Boot time trap handling

xen-devel.lists.xenproject.org archive mirror
 help / color / mirror / Atom feed

* Boot time trap handling
@ 2014-05-12 10:40 Andrew Cooper
  2014-05-12 12:09 ` Jan Beulich
  0 siblings, 1 reply; 5+ messages in thread
From: Andrew Cooper @ 2014-05-12 10:40 UTC (permalink / raw)
  To: Xen-devel List, Jan Beulich, Keir Fraser, Tim Deegan

Hello,

When reviewing the SMAP series, Jan noticed an issue I had overlooked
while developing 7e510a7b874fa "x86/boot: move some __high_start code
and data into init sections".

All interrupts we expect to receive are indeed replaced with real
handlers, but the reserved exceptions are left as-are pointing at
ignore_int().  With ignore_int() in the init section, it will point
somewhere arbitrary after boot.  This is obviously a bad thing, but the
previous behaviour wasn't much more useful in this regard, by locking up
a pcpu without bringing the system down.

While attempting to fix this issue, I discovered some more concerning ones.

On the BSP, we:
* load the empty 'idt_table'
* patch ignore_int() into every entry (and indeed, bottom first which is
rather unsafe)
* enter __start_xen()
* patch in early_page_fault()
* perform large mounts of setup
* enter trap_init()
* patch the real trap handlers into 'idt_table'
* Set up ISTs for #DF, #NMI, #MCE in 'idt_table'
* Set up IST stacks in our local TSS
* Load our local TSS

On APs, we:
* Load mmu_cr4_features, including CR4.MCE
* Load the BSPs 'idt_table', complete with IST information
* Set up IST stacks in our local TSS
* Load our local TSS
* Switch onto our own local memcpy() of the BSPs idt.

In both cases, until we have loaded the TSS, we risk trying to take an
MCE or NMI without a TSS loaded.  I cant spot which contributory
exception would be generated, but I suspect #NP, or possibly #TS.  With
#DF set up in the same way, we will triple fault.

Looking at the real trap handlers, they appear to be safe from almost
the start of __start_xen().  Therefore, I propose:

* The boot critical region with an empty idtr gets extended slightly
into the top of __start_xen() and start_secondary()
* Inside this critical region, set set up and load the TSS.
* Load ourselves onto our local idt.
* Load cr4, after the MCE entry path is valid.

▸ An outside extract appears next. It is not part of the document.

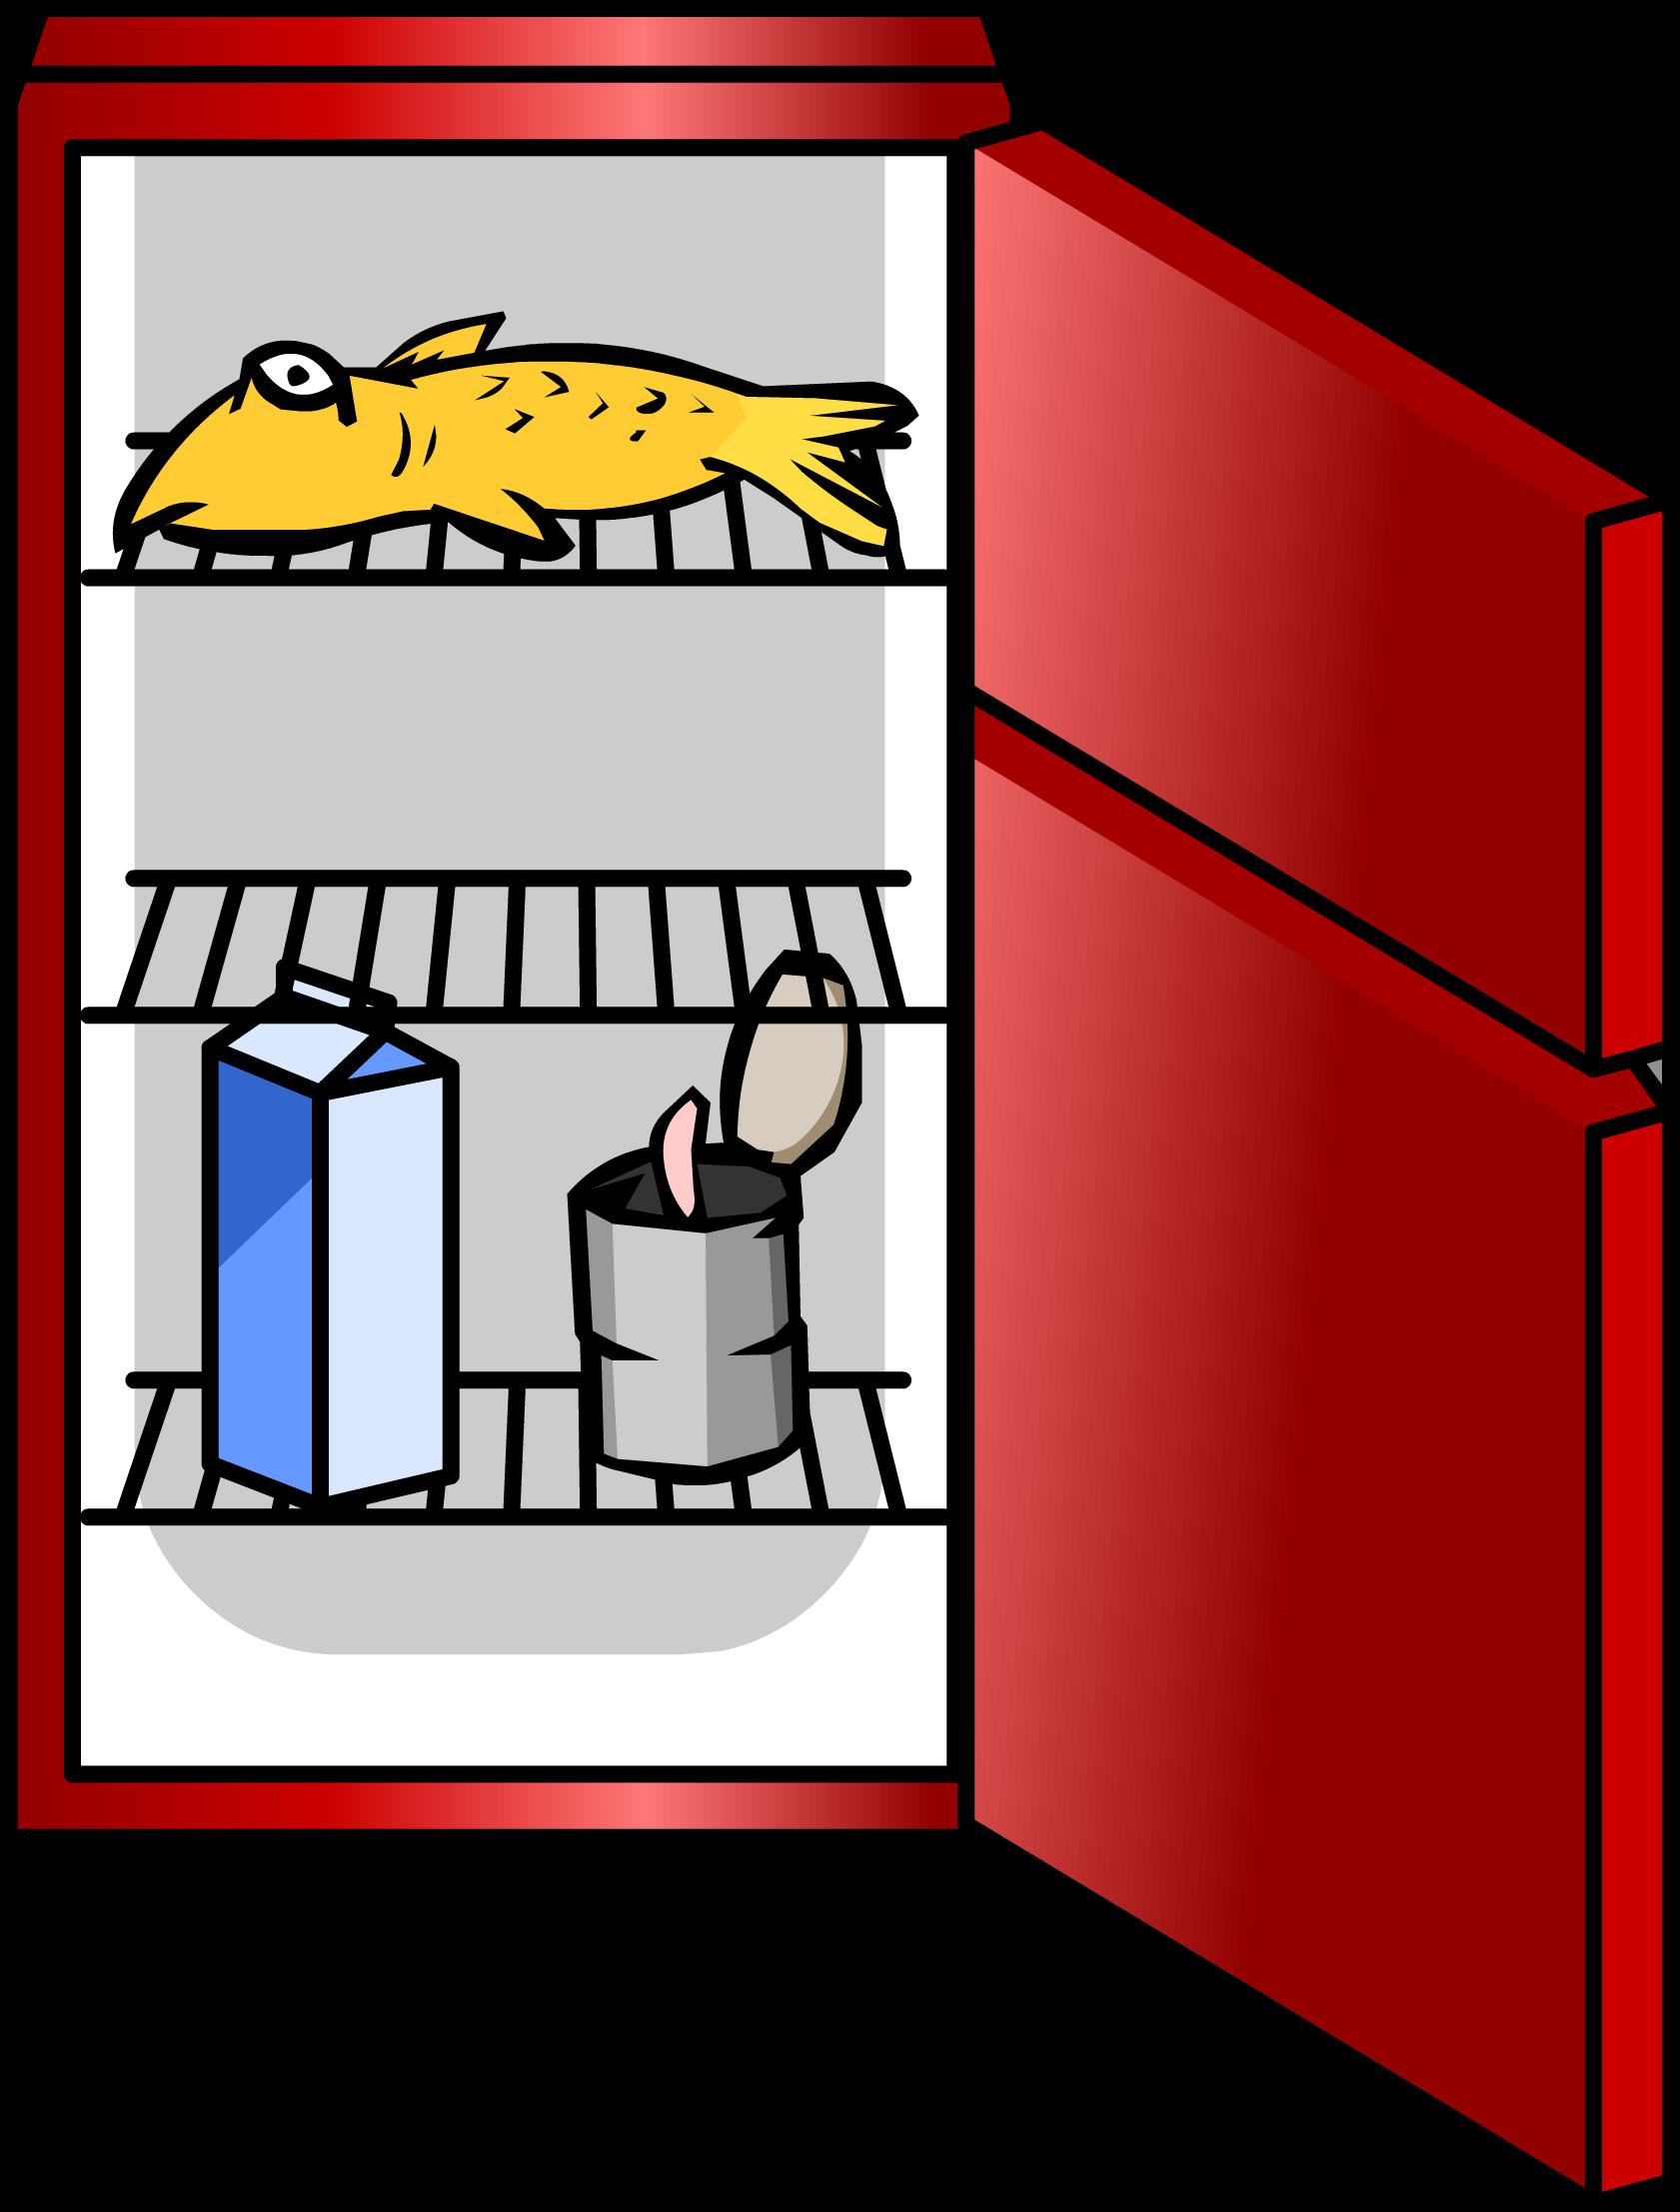 Fridge clipart game. Image shiny red sprite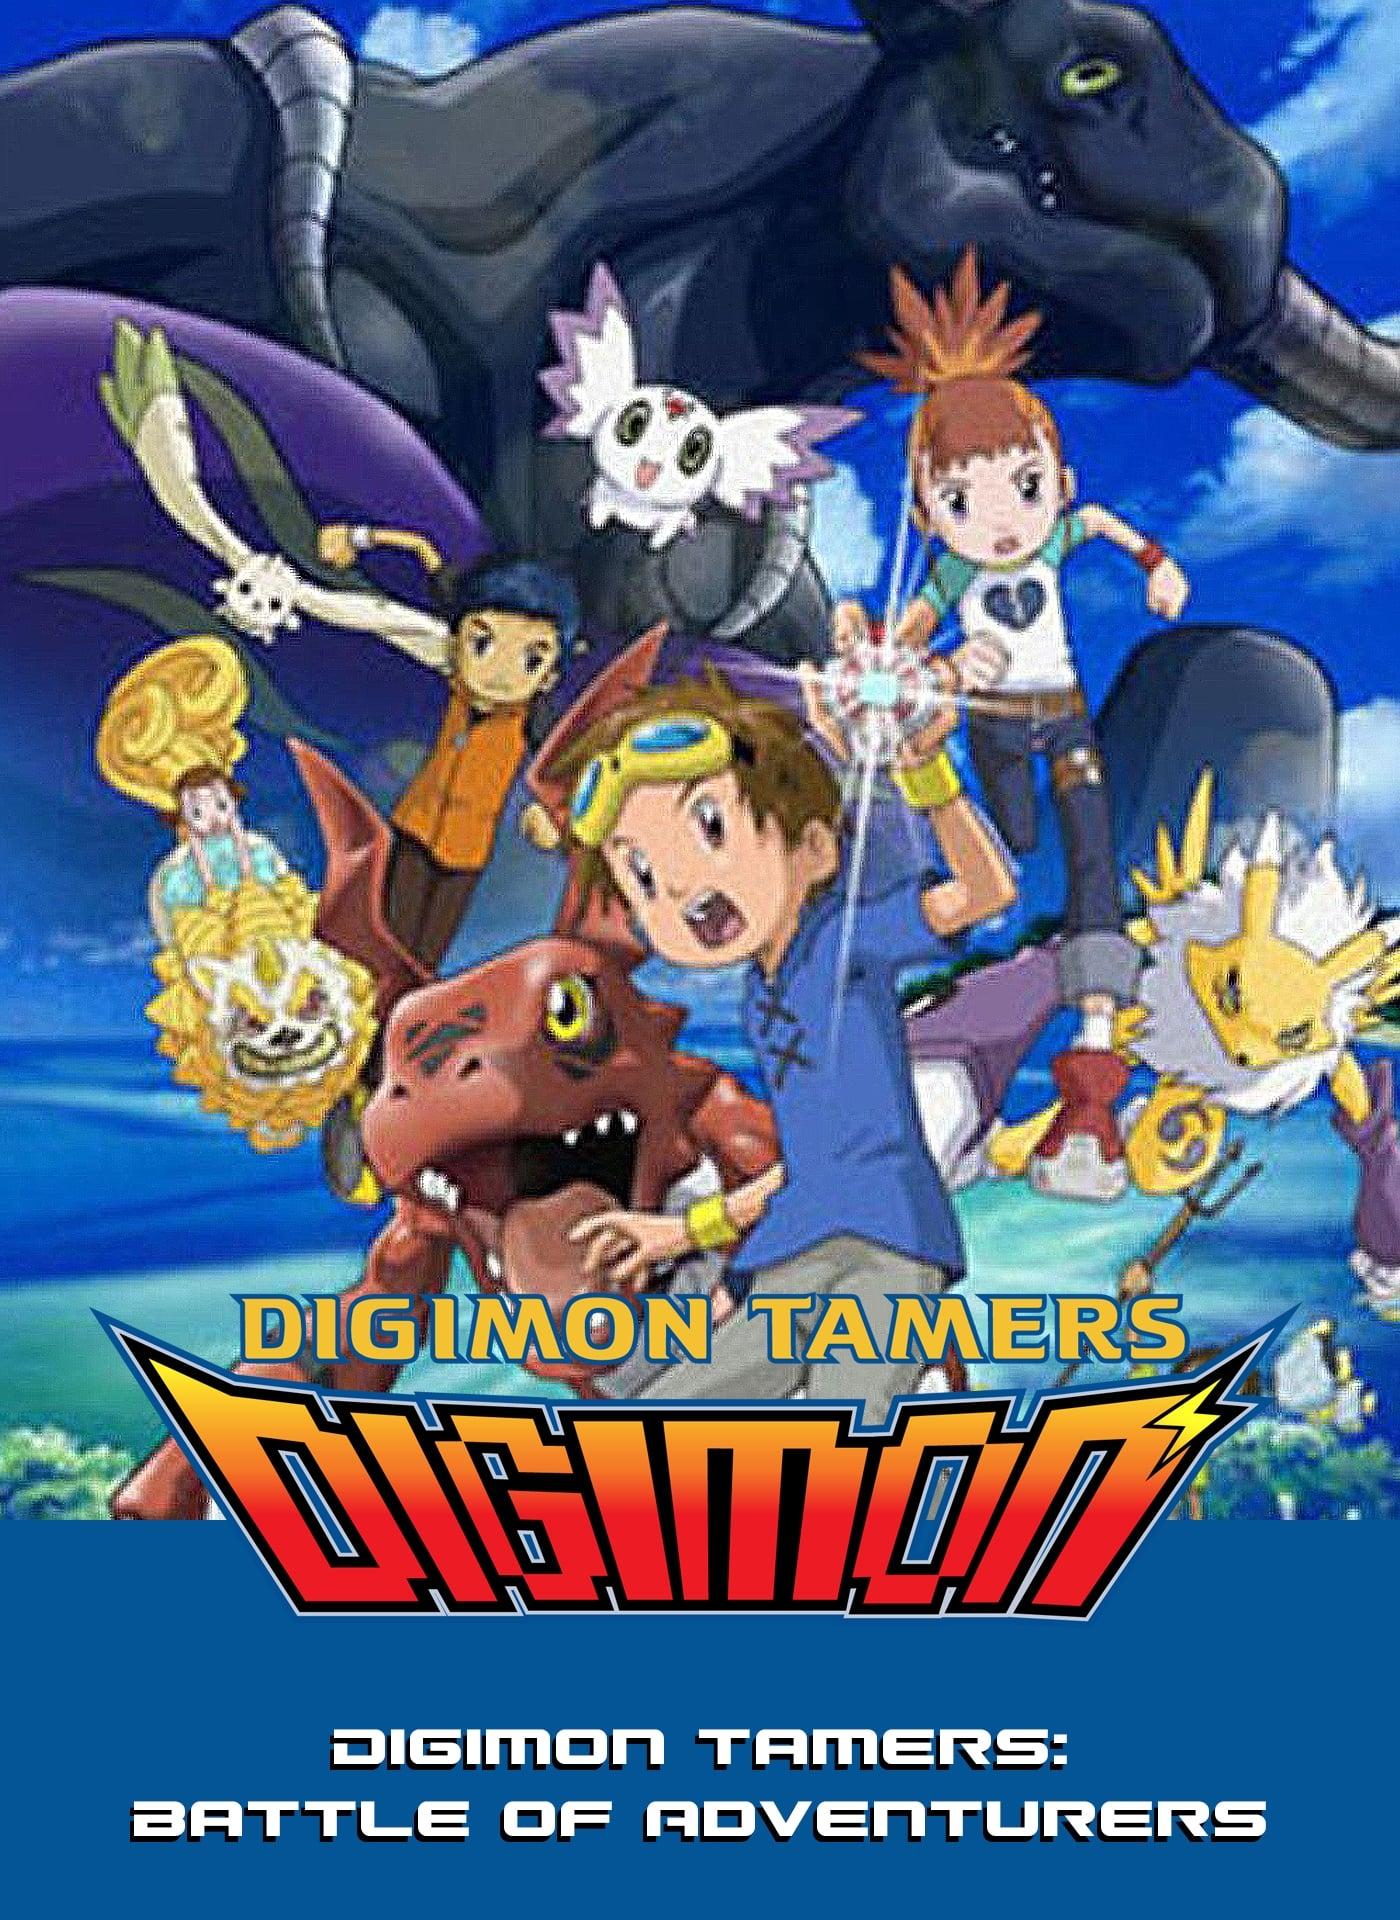 Digimon Tamers: Battle of Adventurers (2001)

This has the added advantage that we gain full bugframe and extable
support for the earlier parts of setup.

Is there anything I have overlooked, or does this plan look plausible?

~Andrew

^ permalink raw reply	[flat|nested] 5+ messages in thread

* Re: Boot time trap handling
  2014-05-12 10:40 Boot time trap handling Andrew Cooper
@ 2014-05-12 12:09 ` Jan Beulich
  2014-05-12 12:53   ` Andrew Cooper
  0 siblings, 1 reply; 5+ messages in thread
From: Jan Beulich @ 2014-05-12 12:09 UTC (permalink / raw)
  To: Andrew Cooper; +Cc: Tim Deegan, Keir Fraser, Xen-devel List

>>> On 12.05.14 at 12:40, <andrew.cooper3@citrix.com> wrote:
> On the BSP, we:
> * load the empty 'idt_table'
> * patch ignore_int() into every entry (and indeed, bottom first which is
> rather unsafe)

What is it that you consider "rather unsafe" here?

> * enter __start_xen()
> * patch in early_page_fault()
> * perform large mounts of setup
> * enter trap_init()
> * patch the real trap handlers into 'idt_table'
> * Set up ISTs for #DF, #NMI, #MCE in 'idt_table'
> * Set up IST stacks in our local TSS
> * Load our local TSS
> 
> On APs, we:
> * Load mmu_cr4_features, including CR4.MCE
> * Load the BSPs 'idt_table', complete with IST information
> * Set up IST stacks in our local TSS
> * Load our local TSS
> * Switch onto our own local memcpy() of the BSPs idt.
> 
> In both cases, until we have loaded the TSS, we risk trying to take an
> MCE or NMI without a TSS loaded.  I cant spot which contributory
> exception would be generated, but I suspect #NP, or possibly #TS.  With
> #DF set up in the same way, we will triple fault.
> 
> 
> Looking at the real trap handlers, they appear to be safe from almost
> the start of __start_xen().

That of course may need closer inspection, and documenting the
results in an eventually evolving patch description.

>  Therefore, I propose:
> 
> * The boot critical region with an empty idtr gets extended slightly
> into the top of __start_xen() and start_secondary()
> * Inside this critical region, set set up and load the TSS.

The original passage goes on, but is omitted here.